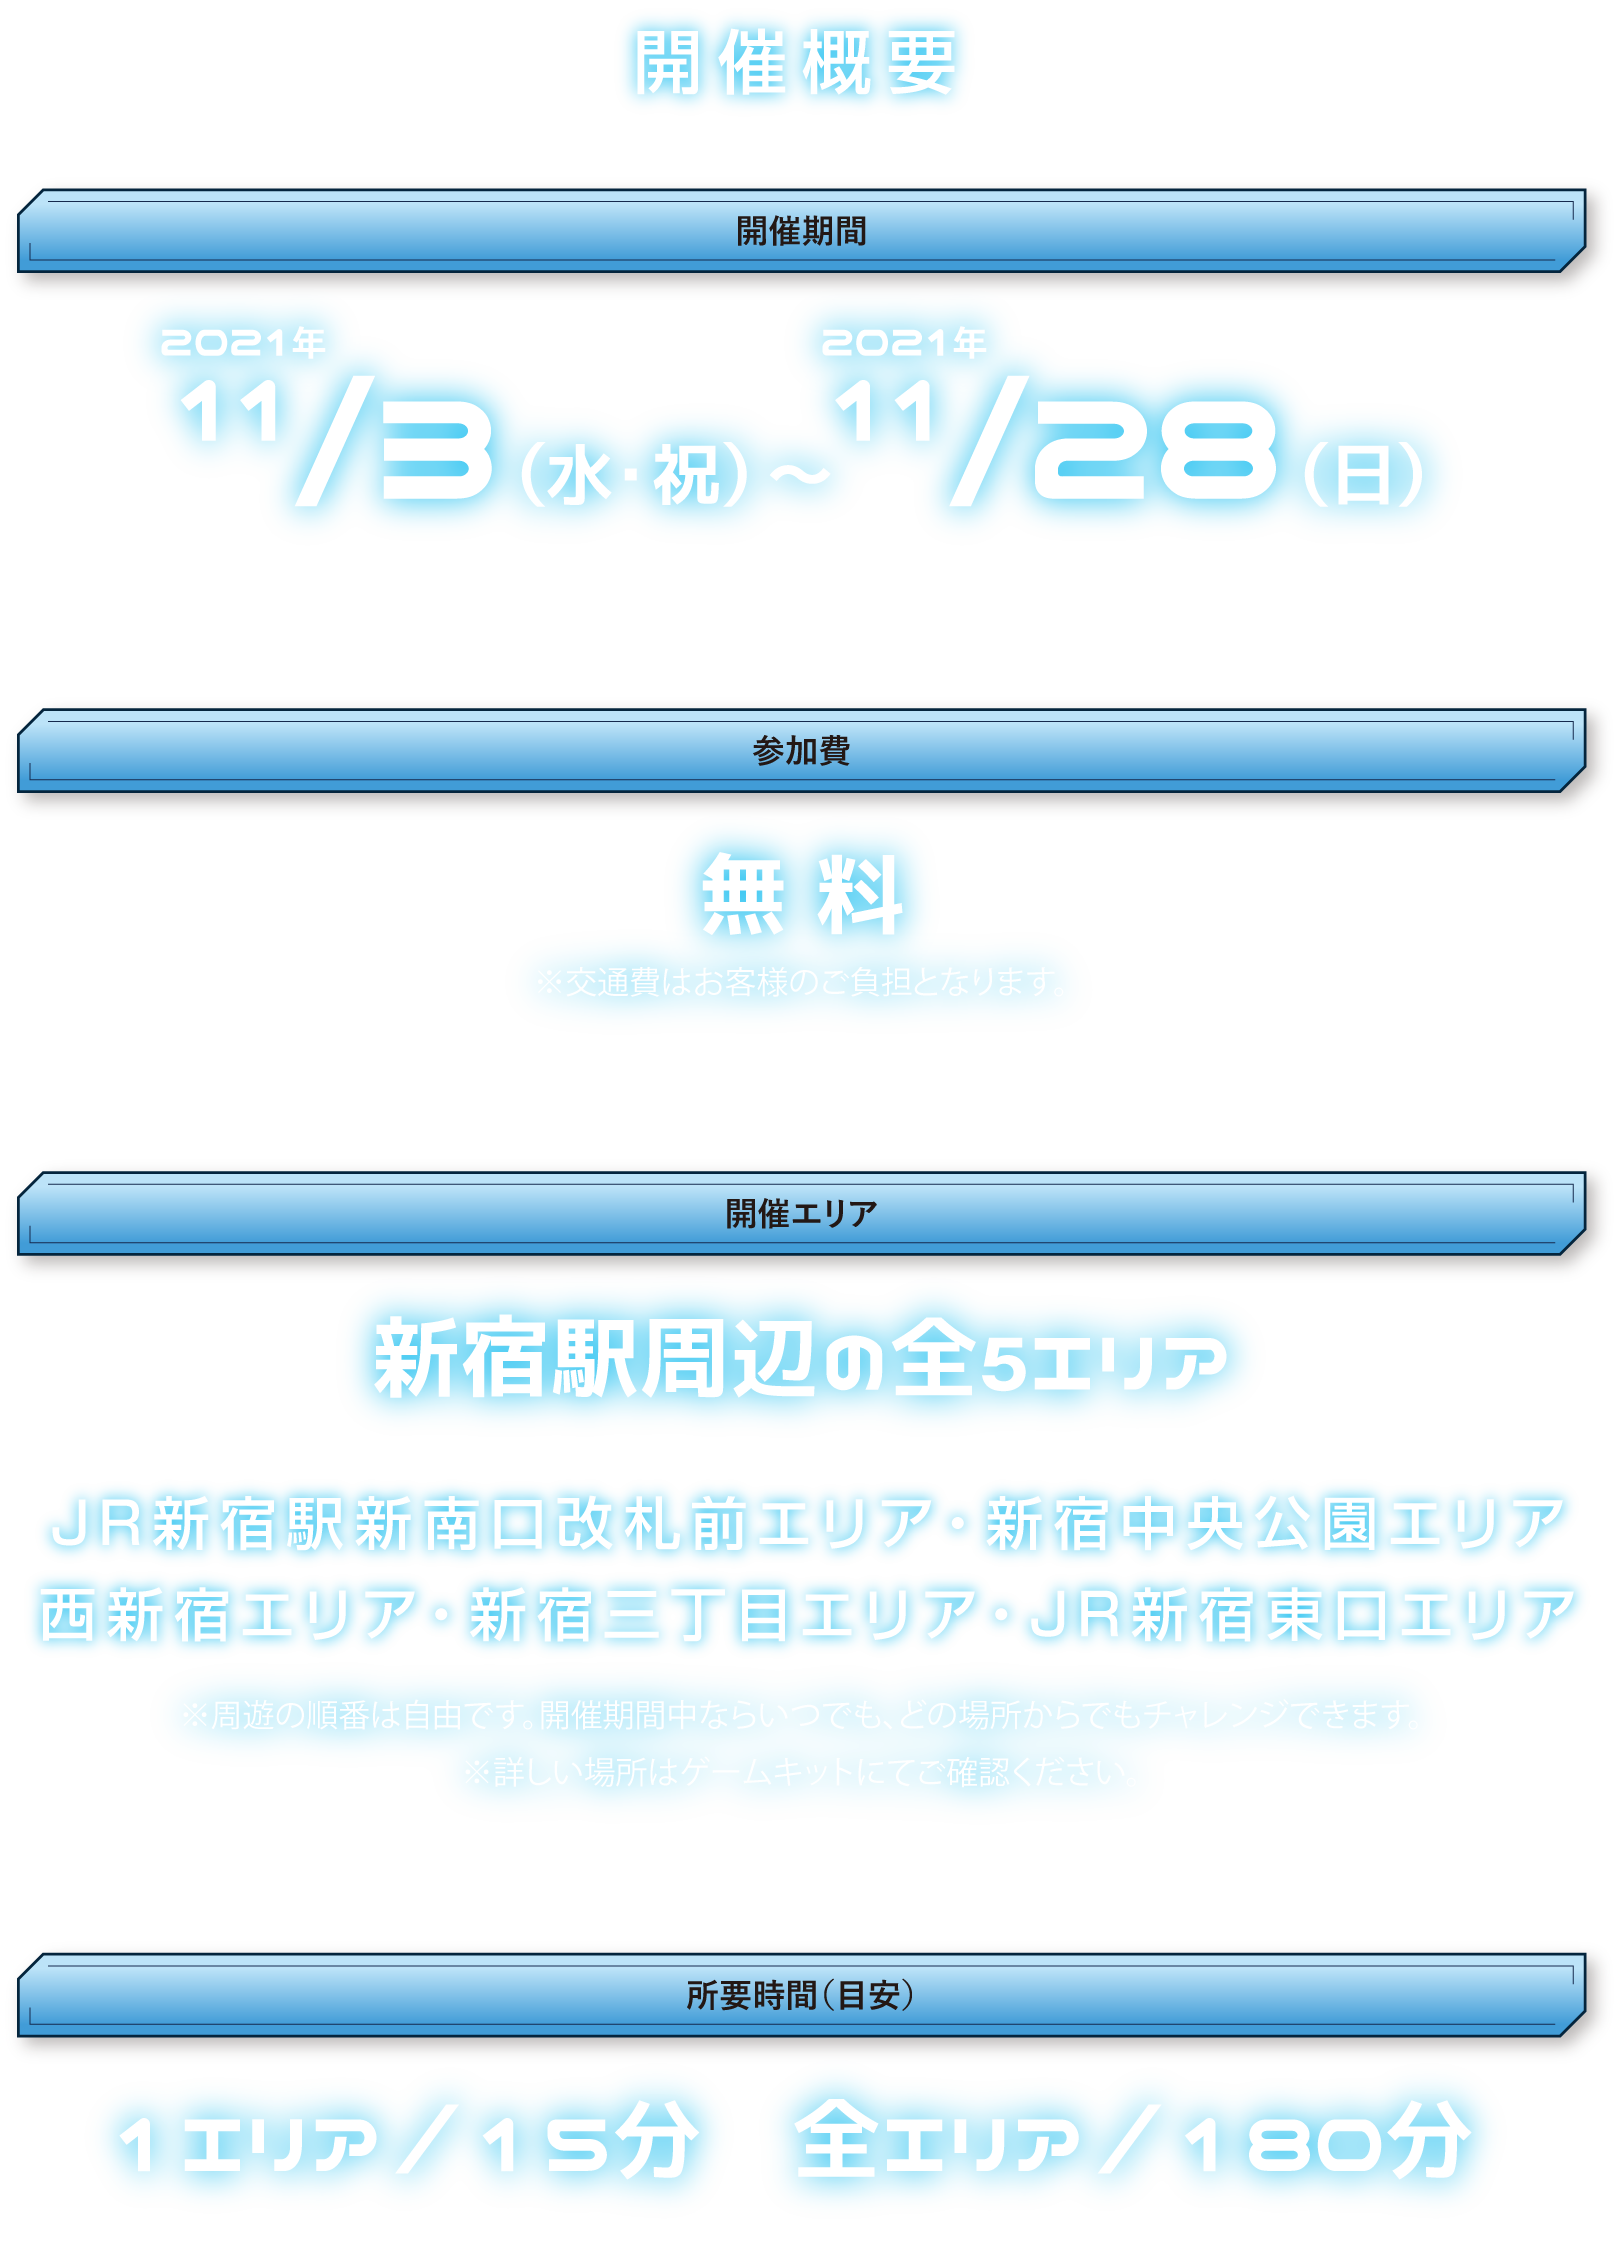 開催概要
開催期間：2021年11月3日(水・祝)～11月28日(日)
参加費：無料
開催エリア：新宿駅周辺の全5スポット
所要時間：1エリア15分　全エリア180分
• • • •
TASK BRIEF: Write out all the entries again, word for word, and print no images.

ANSWER:
 開催概要
開催期間：2021年11月3日(水・祝)～11月28日(日)
参加費：無料
開催エリア：新宿駅周辺の全5スポット
所要時間：1エリア15分　全エリア180分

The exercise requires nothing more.